Flag Type Default Description
`--disable-auto-inject-block-sync` bool false Disable automatic block-level set/wait insertion (InjectBlockSync / CrossCoreGSS).
`--disable-hivm-auto-inject-sync` bool false Disable InjectSync (Intra-Core sync).
`--enable-hivm-inject-barrier-all-sync` bool false Make InjectSync inserts barrier(all) instructions (useful auto-sync fails)
`--enable-hivm-inject-block-all-sync` bool false Make InjectBlockSync inserts block(all) instructions (useful auto-sync fails)
`--enable-hivm-unit-flag-sync` bool false Enable unit-flag sync feature.
`--enable-hivm-graph-sync-solver` bool false Use GraphSyncSolver/CrossCoreGSS instead of InjectSync/InjectBlockSync for Intra-Core/Cross-Core auto-sync.

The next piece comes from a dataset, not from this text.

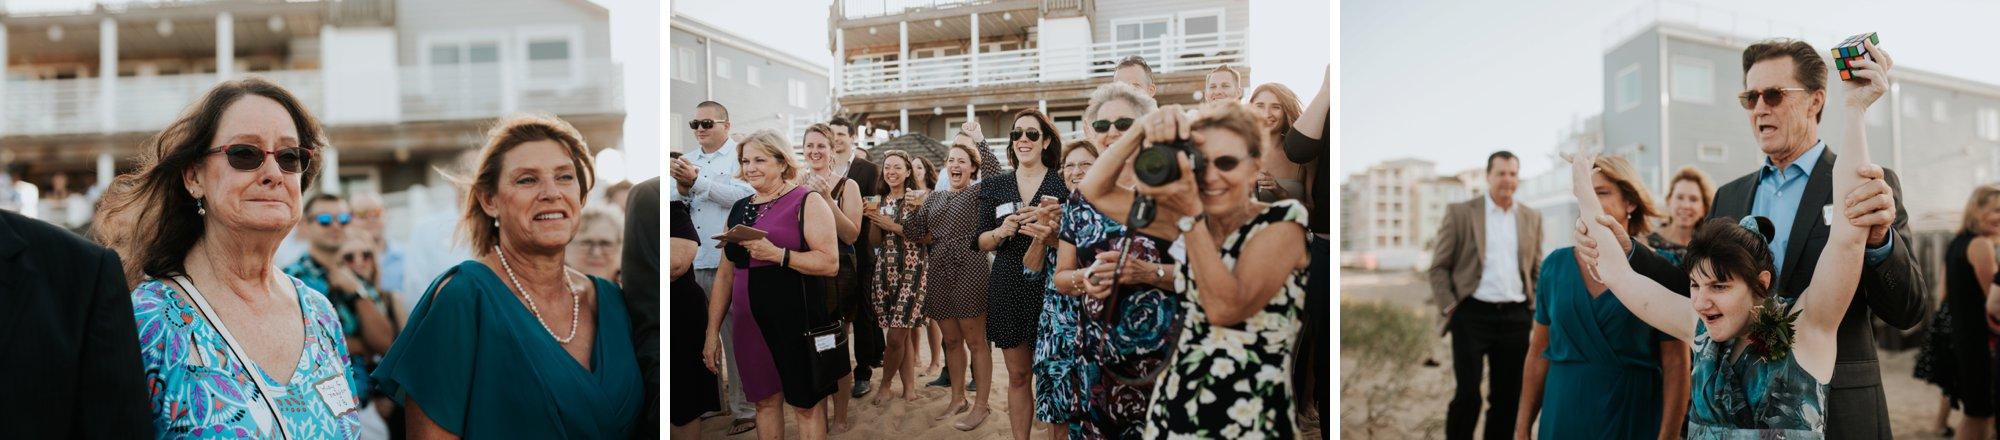 Low key backyard beach wedding in Sandbridge, VA friends family

## Constraints and capabilities - **Hardware ordering model:** Auto-sync orders execution by inserting HIVM synchronization ops (`hivm.set_flag` / `hivm.wait_flag`, `hivm.pipe_barrier`, and (when applicable) `hivm.sync_block_set` / `hivm.sync_block_wait`). The ordering is expressed in terms of **cores** and **pipes**, plus event/flag ids. - **Correctness via feasibility checking:** For the solver-based flow (Graph Sync Solver), candidate sync constraints are accepted only if they remain feasible under a graph-based reachability/ordering model (avoids deadlock or over-constraining schedules). - **Kernel coverage (block-level sync):** Block-level cross-core sync (`sync_block_set` / `sync_block_wait`) is intended for **MIX** kernels (cube/vector handoff). InjectBlockSync/CrossCoreGSS will not apply to non-MIX flows (host or pure AIC/AIV). - **Optional feature modes:** Unit-flag sync can be enabled as an alternative pattern for supported operations, and the graph-based solver can be selected instead of InjectSync/InjectBlockSync via compiler options. - **Verification requirements:** Check that emitted ops satisfy dialect verification; `set_flag` / `wait_flag` must share the same event/flag id and compatible core/pipe endpoints.